SARS has nine lives. It may still come back from the dead wearing caucasian mask. Apart from Boko Haram’s Abubakar Shekau who has been killed countless times,  the only other entity the authorities have severally killed is SARS. We have a clumsy government, no doubt, but the SARS case is really a quandary. There is always a reason for abortion of decisions. Wait and see what replaces SARS.

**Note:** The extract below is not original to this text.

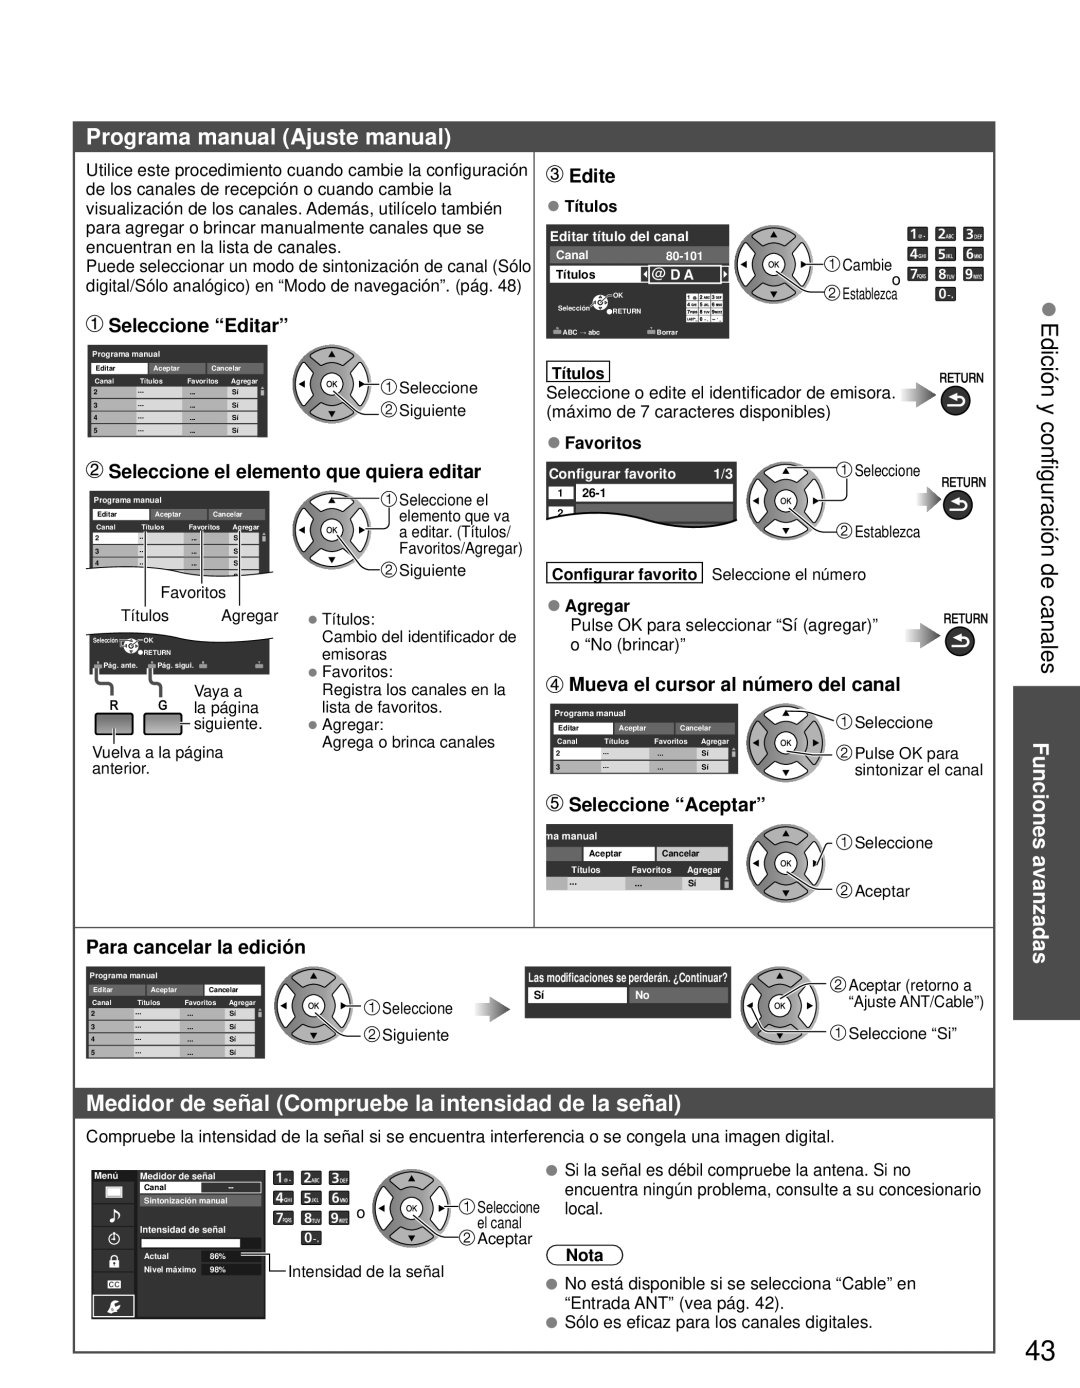 Panasonic TC-L42E3 Programa manual Ajuste manual, Edición y, Medidor de señal Compruebe la intensidad de la señal, Edite 
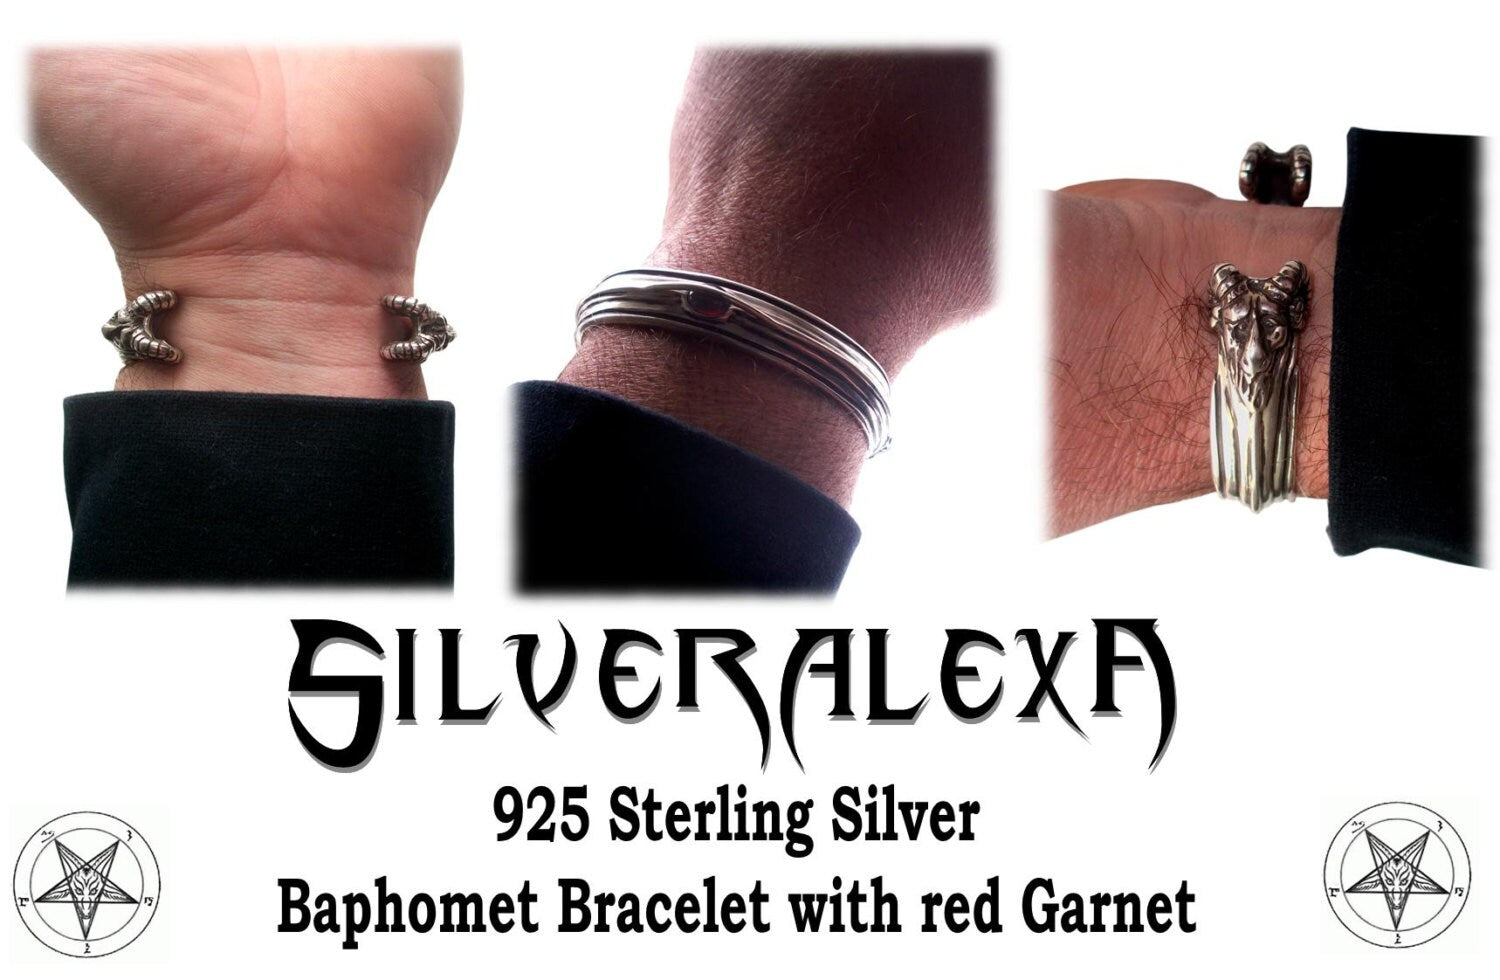 Baphomet Bracelet - Sterling Silver Bracelet Bighorn Baphomet - Evil Sabbatic Goat  - Ram Devil - with red Garnet

The Nigeria police is a dog that bites even the owners. It may say sorry, it may not. And every victim yells, nurses his wounds and trudges on, very helpless. There is (was) a movement that demanded an end to SARS. Who funded that movement? Good people? Bad people? Should SARS truly go the way of the dead, buried and forgotten as announced on Sunday by the authorities? The country is badly divided on this like on every matter. Someone said here, we replace something with nothing. Is that what government has done? Iron sharpens iron; only the bad confronts the bad. We do not believe conventional policemen can be useful on days of fire. SARS was. But it also did what robbers do. Now, how do you go to paradise without experiencing death? There is a dilemma: The tree has thorns and its fruit is poisonous, but the tree gives cover from the scorch of the sun. The relationship between the police and the citizen is historically an Orwellian struggle, a paradoxical fascination for peace and frustration with law enforcement. A post-apocalyptic society dishes out great suffering, injustice and impunity. That is what we experience here from government and its instruments of violence. Dystopian George Orwell thinks society provides its citizens “meaningless, dark, and dreadful” security. Is that not in itself a dreadful irony? The police seeks our love because it claims to be our friend. But it threatens us with death. It robs and extorts, rapes and defiles, maims and kills its friends. How do we love those who kill us?